I was talking to someone recently and it made me think of this. I have also seen comments on other’s as well. I just thought I would write this as a see what happens. Some may agree with me, others may disagree. It might not even be poetry, but here it goes…

TC2_4834

You made a mistake.

 

I pole dance – as a fitness – all my muscles developed, thrived, and blossomed – I am stronger.

 

I have a boyfriend – he loves me, supports me, and reminds me I can do this – He adds to me.

 

You made a mistake when you tell me

You pole dance! Wow your boyfriend is so lucky!

I prefer to save my body for my boyfriend, but that’s up to you.
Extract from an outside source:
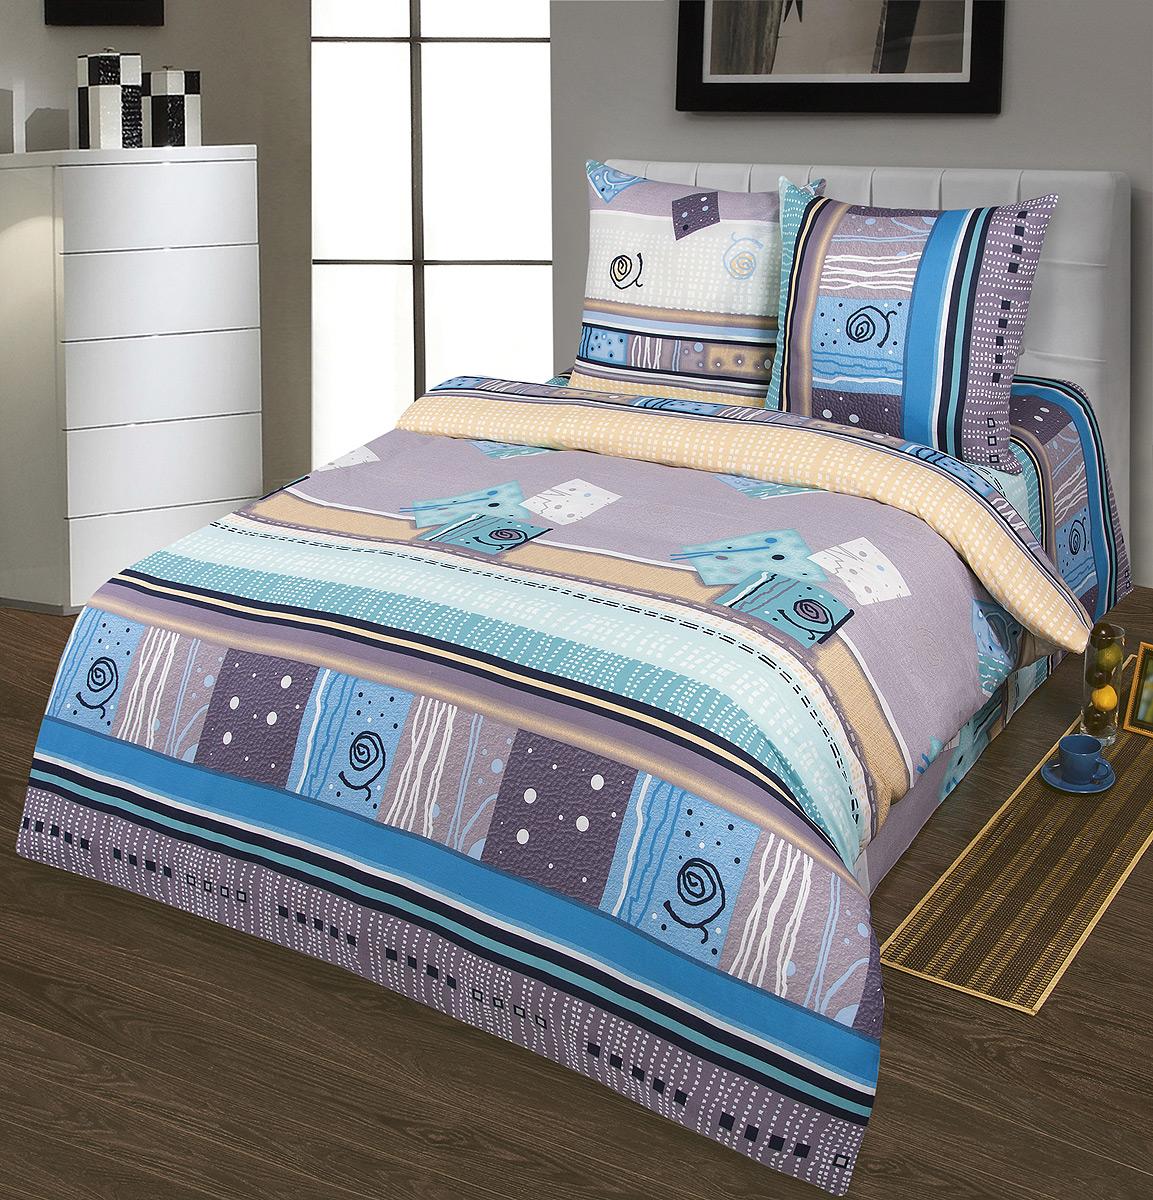 Комплект белья Шоколад Мираж, 1,5-спальный, наволочки 70x70. Б100Б100Комплект постельного белья Шоколад Мираж является экологически безопасным для всей семьи, так как выполнен из натурального хлопка. Комплект состоит из пододеяльника, простыни и двух наволочек. Постельное белье оформлено оригинальным рисунком и имеет изысканный внешний вид.Бязь - это ткань полотняного переплетения, изготовленная из экологически чистого и натурального 100% хлопка. Она прочная, мягкая, обладает низкой сминаемостью, легко стирается и хорошо гладится. Бязь прекрасно пропускает воздух и за ней легко ухаживать. При соблюдении рекомендуемых условий стирки, сушки и глажения ткань имеет усадку по ГОСТу, сохранятся яркость текстильных рисунков. Приобретая комплект постельного белья Шоколад Мираж, вы можете быть уверены в том, что покупка доставит вам и вашим близким удовольствие иподарит максимальный комфорт.
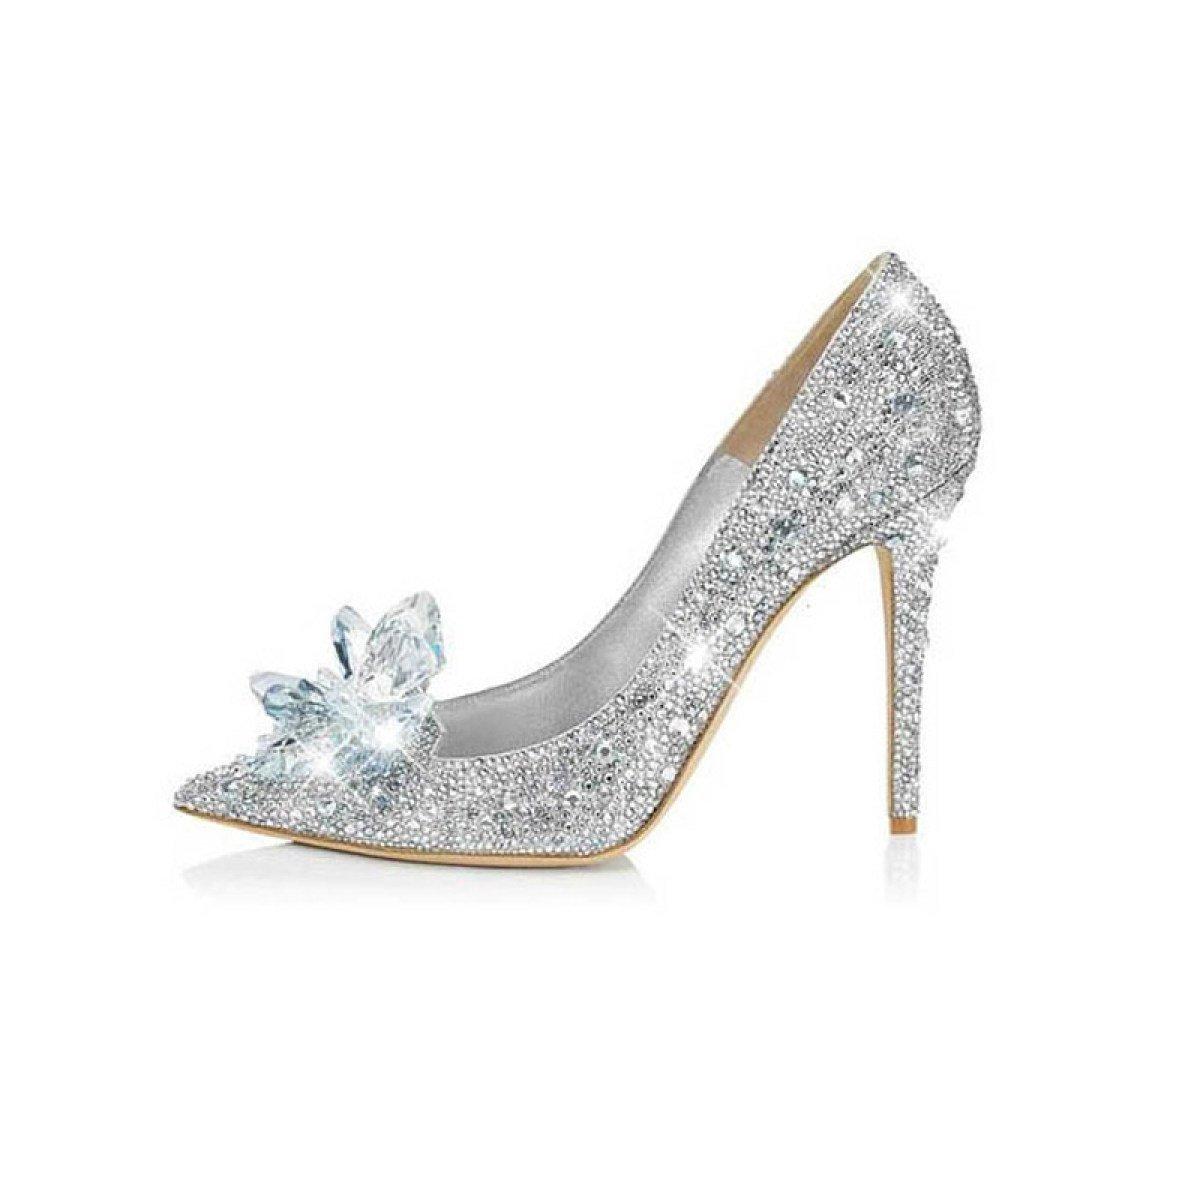 Zapatos De Boda De Las Señoras Rhinestone Tip Tacones Altos Zapatos De Cristal Zapatos De Boda Zapatos De Novia Medio Con Las Damas De Honor Zapatos EU:34/UK:2|Silver(9cm)

Does your boyfriend mind you doing that?

 

Here’s what you missed –

Yes, I pole dance, that makes him no luckier than he was before.

My body is for me, and I chose to share it with him, yes, it is up to me.

No, because he’s amazing, but even so, that’s not up to him.

 

Stop talking to me like I am something that is owned. I am owned by no one but myself. He is someone I choose to share myself with. And it’s none of your business.

Inspire Me

Another little play with poetry… I’m not great with poetry but we are going to see how this goes. Plus I’m currently suffering through writers block right now for other sections of writing so forgive me for it possibly being … awful.

***

Let the music fill your body

and watch as you move with it

like a flowing river

smooth, strong, and controlled.

Every line of her movement

embodies beauty

empowers interest

enforces desire

The wish to be like that, to do that, to be more than what we are.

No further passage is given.